━━ Provided records ━━

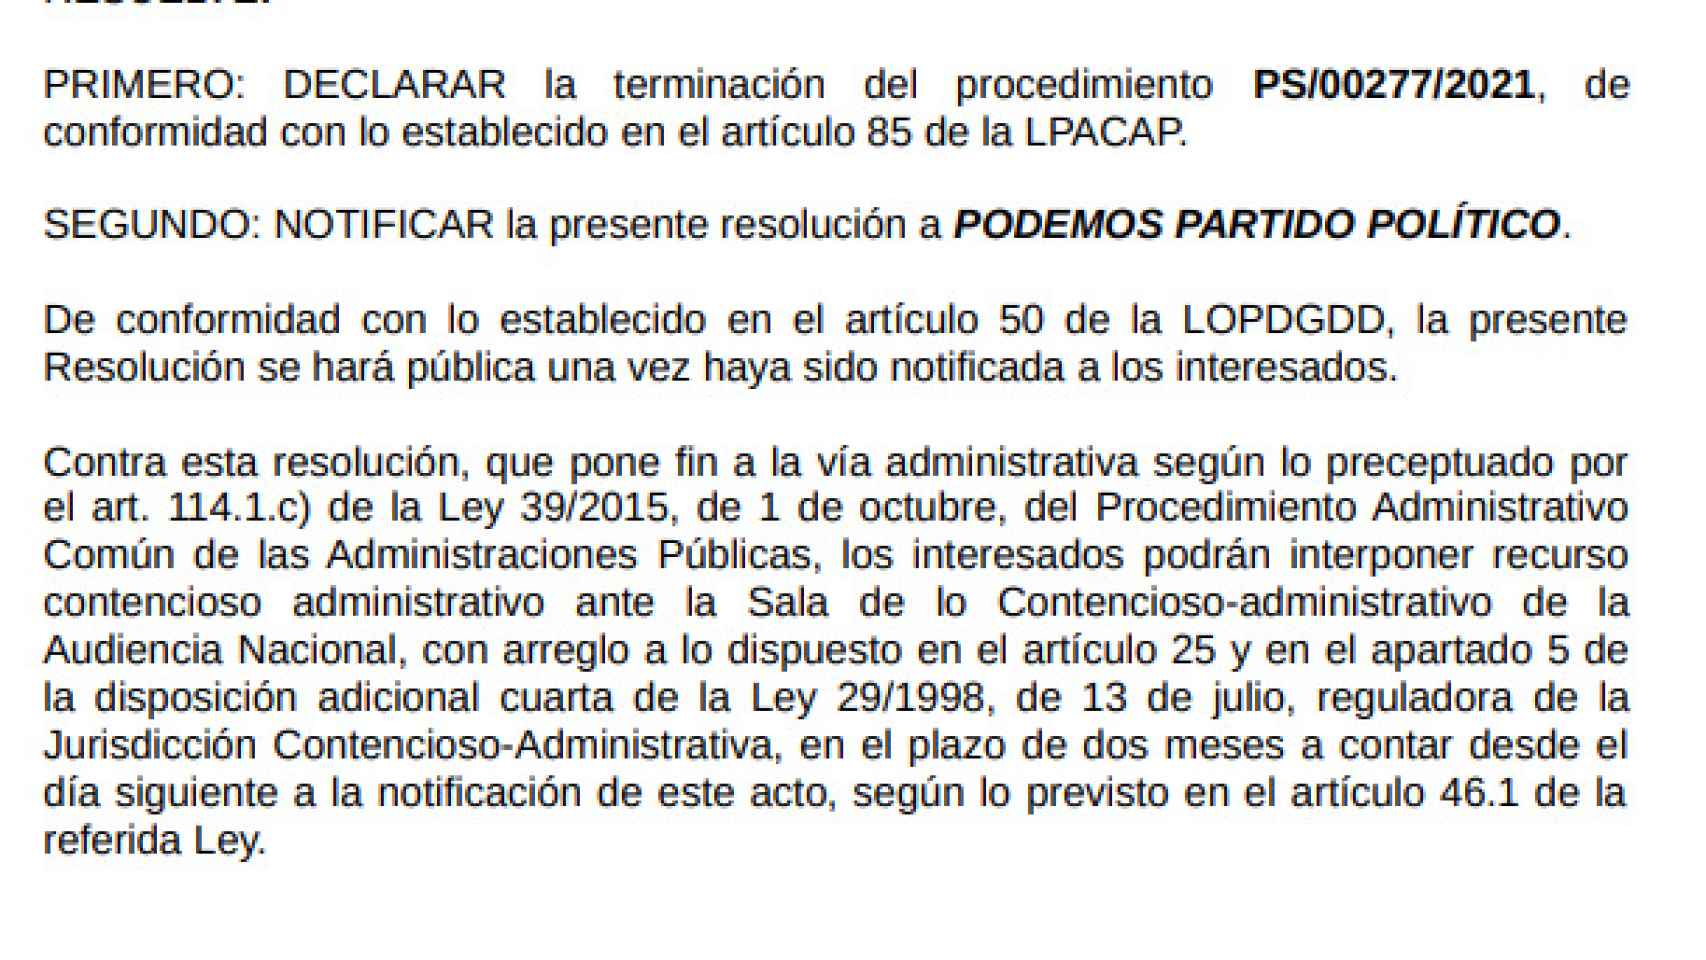 Resolución del expediente firmado por la directora de la AEPD, Mar España Martí.
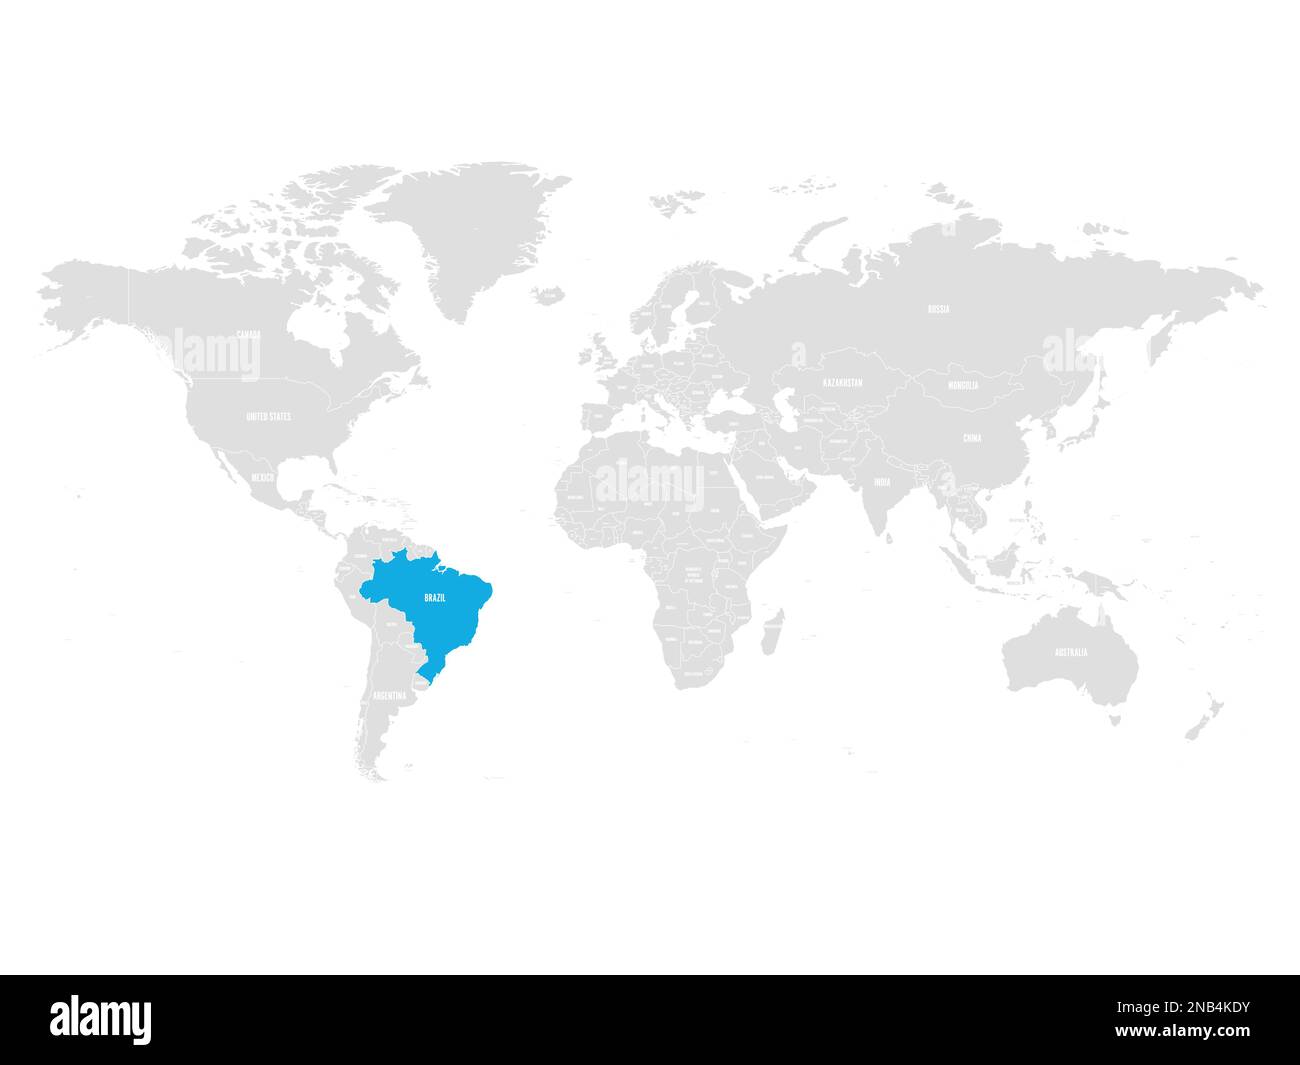 Brasilien mit blauer Farbe auf der grauen politischen Weltkarte. Vektordarstellung. Stock Vektor
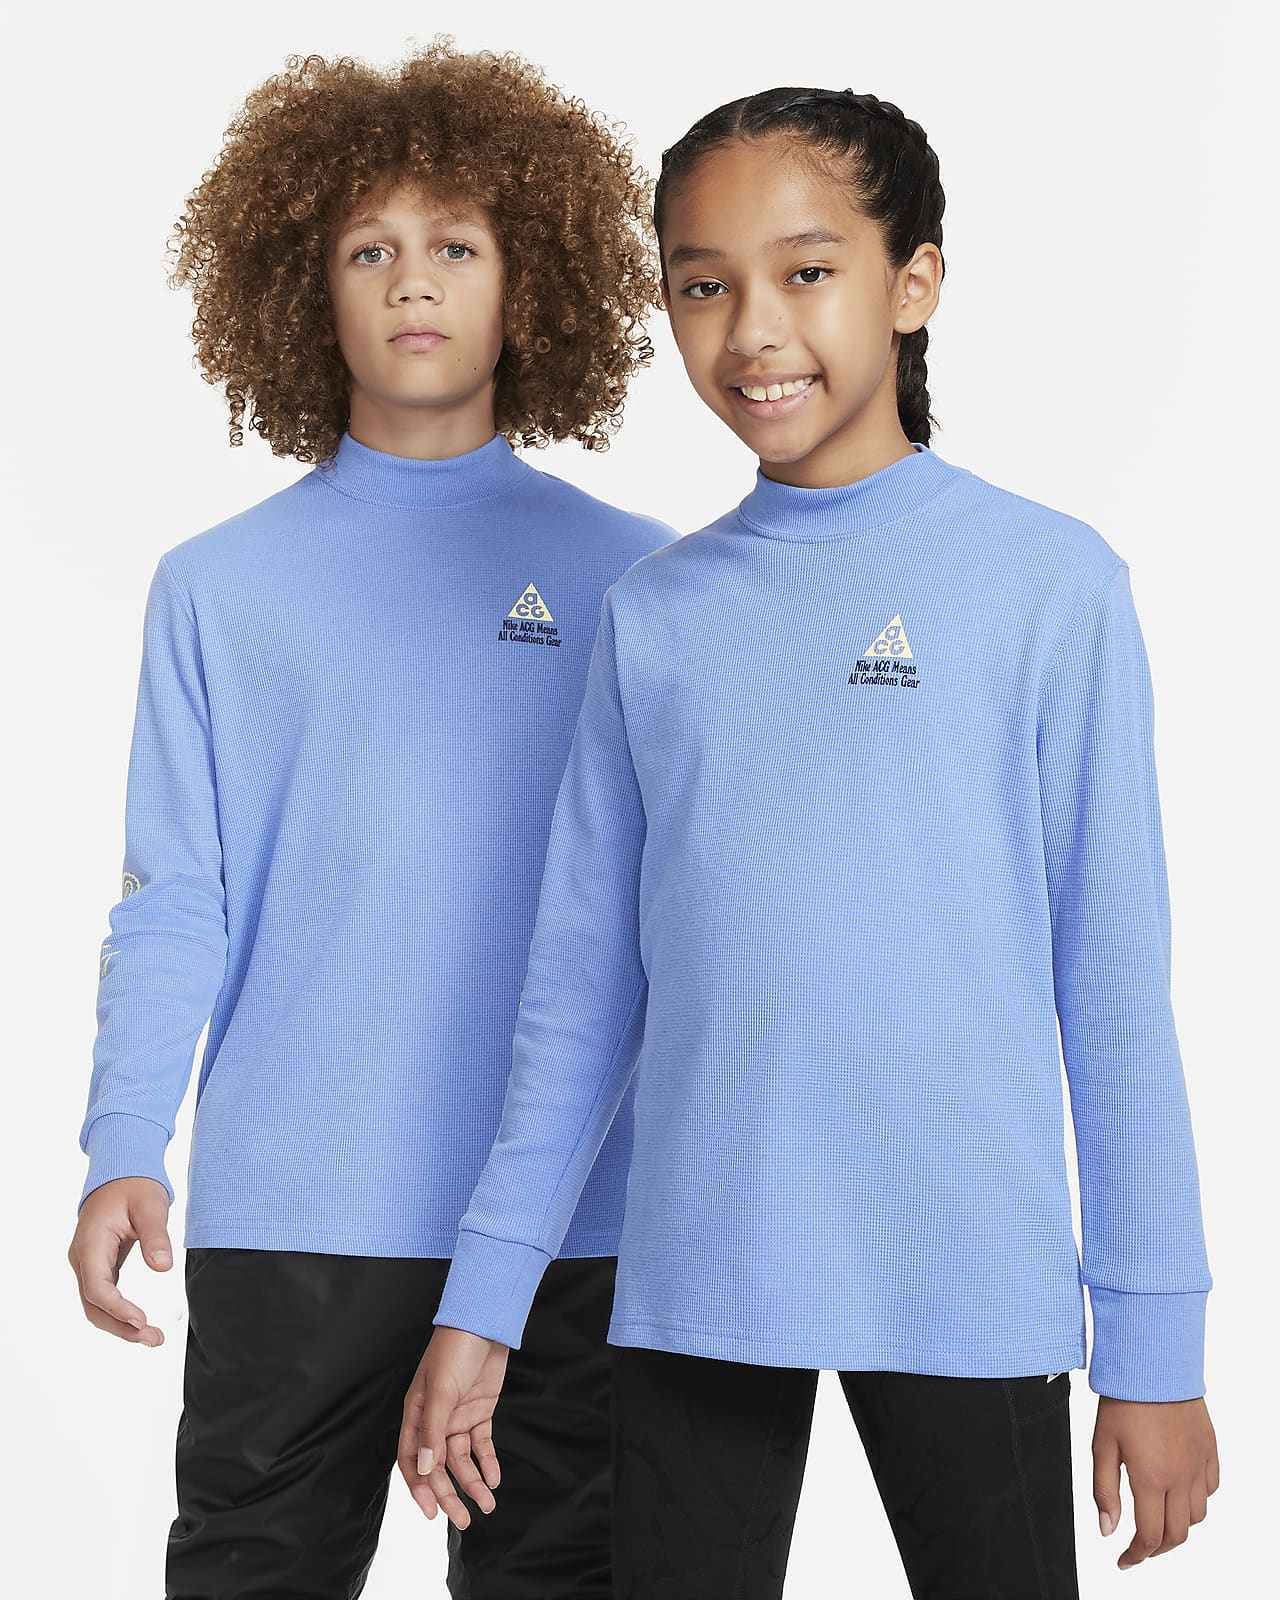 Μακρυμάνικη μπλούζα από πικέ ύφασμα σε ριχτή γραμμή Nike ACG για μεγάλα παιδιά
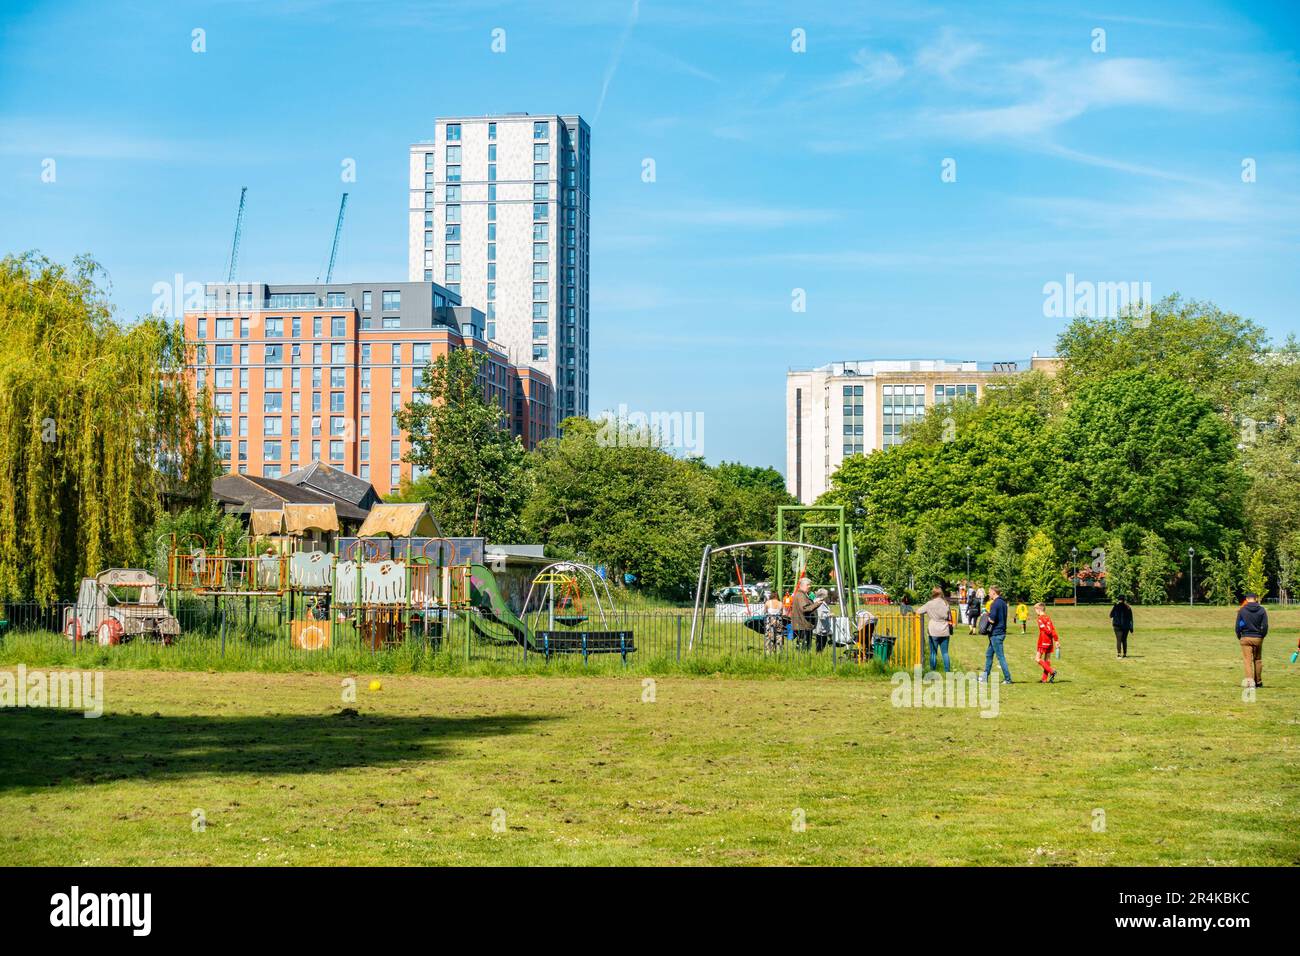 Una vista de Kings Meadow Park en Reading, Berkshire, Reino Unido con modernos bloques de torres en la distancia y un patio de juegos para niños en primer plano. Foto de stock
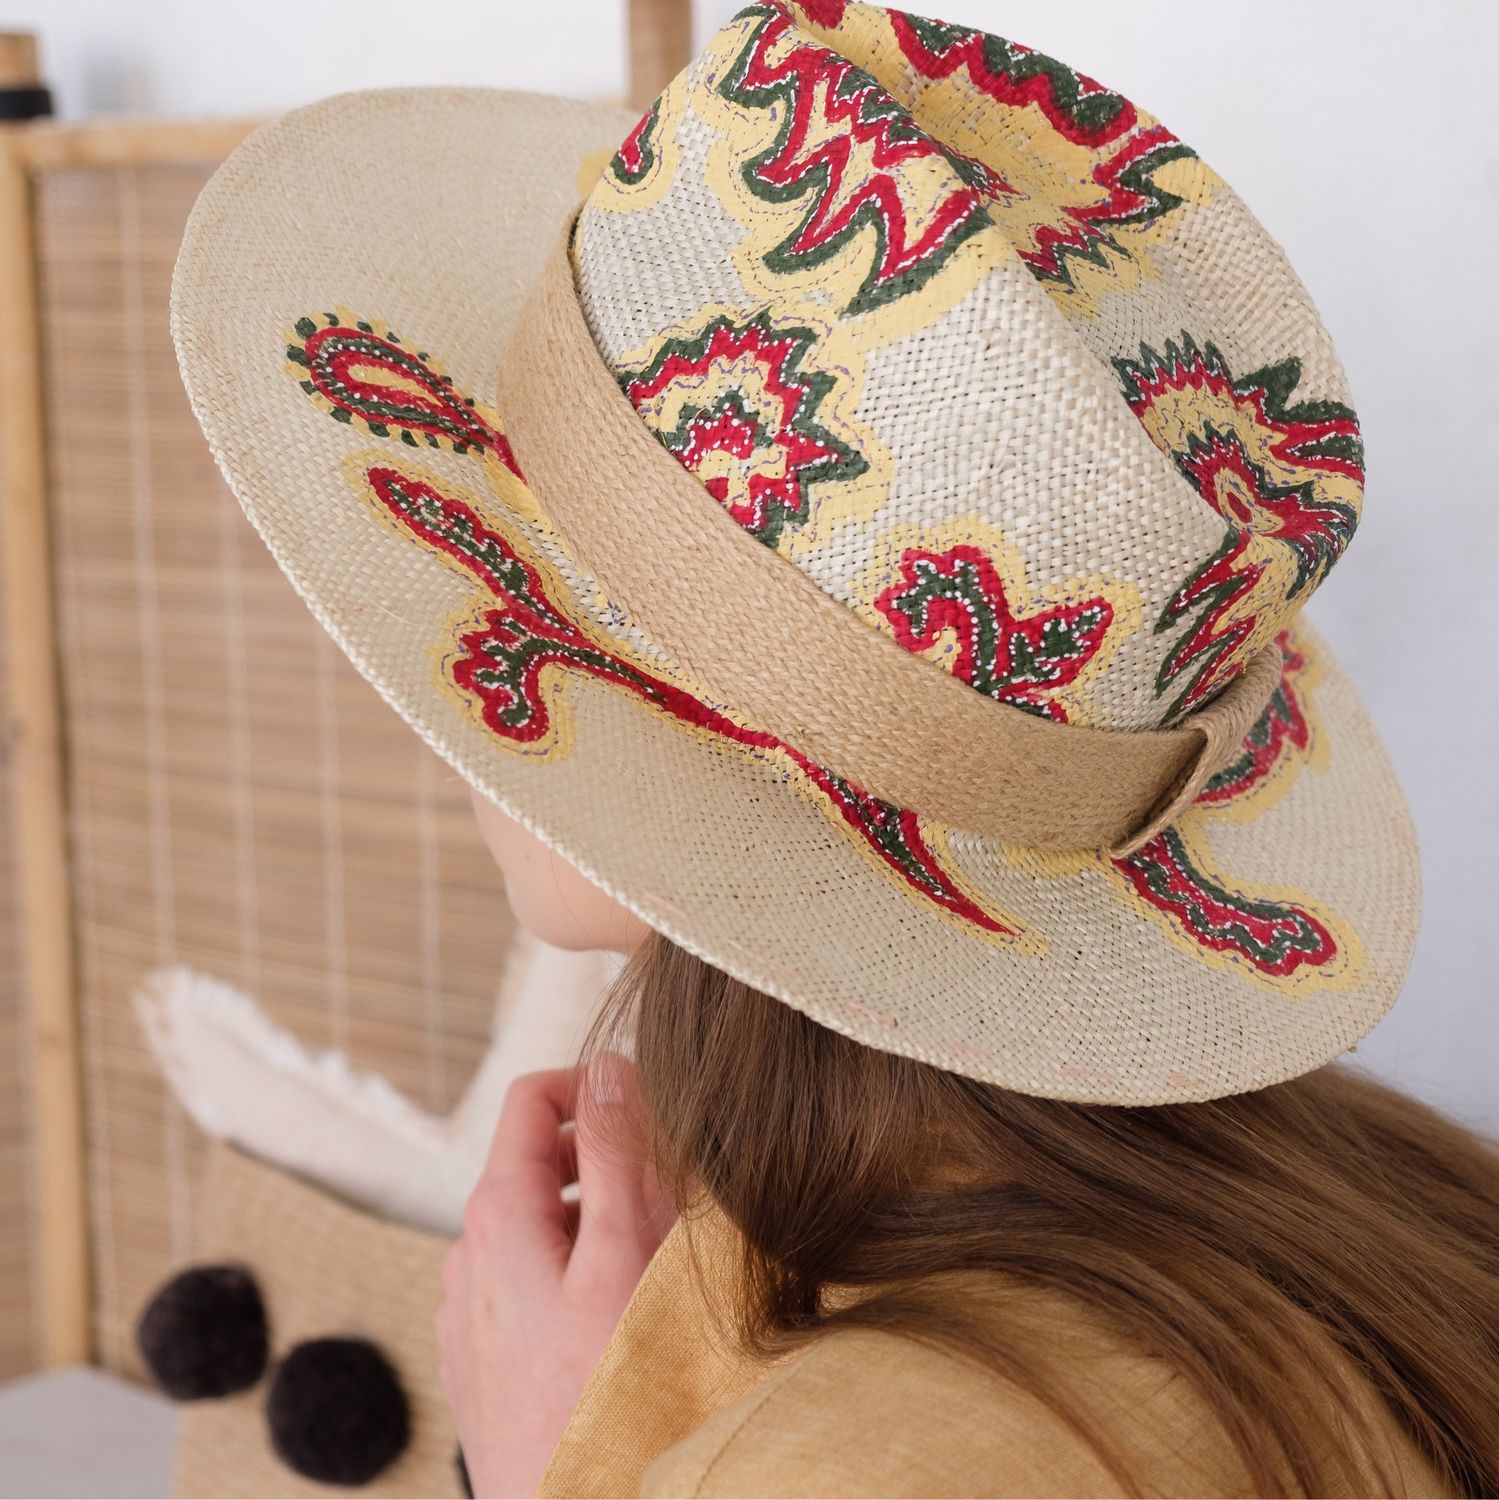 В большой соломенной шляпе расписанной чудесными цветами. Дизайнерские шляпки. Шляпа с принтом. Шляпки соломенные летние в итальянском стиле. Принт соломенная шляпа.

━━━

### Task goal
Return exactly the lines from the one containing "Brasilien mit blauer" through the end of the records, leaving out every picture.

### Answer section
 Brasilien mit blauer Farbe auf der grauen politischen Weltkarte. Vektordarstellung. Stock Vektor
 Μακρυμάνικη μπλούζα από πικέ ύφασμα σε ριχτή γραμμή Nike ACG για μεγάλα παιδιά
 Una vista de Kings Meadow Park en Reading, Berkshire, Reino Unido con modernos bloques de torres en la distancia y un patio de juegos para niños en primer plano. Foto de stock
 В большой соломенной шляпе расписанной чудесными цветами. Дизайнерские шляпки. Шляпа с принтом. Шляпки соломенные летние в итальянском стиле. Принт соломенная шляпа.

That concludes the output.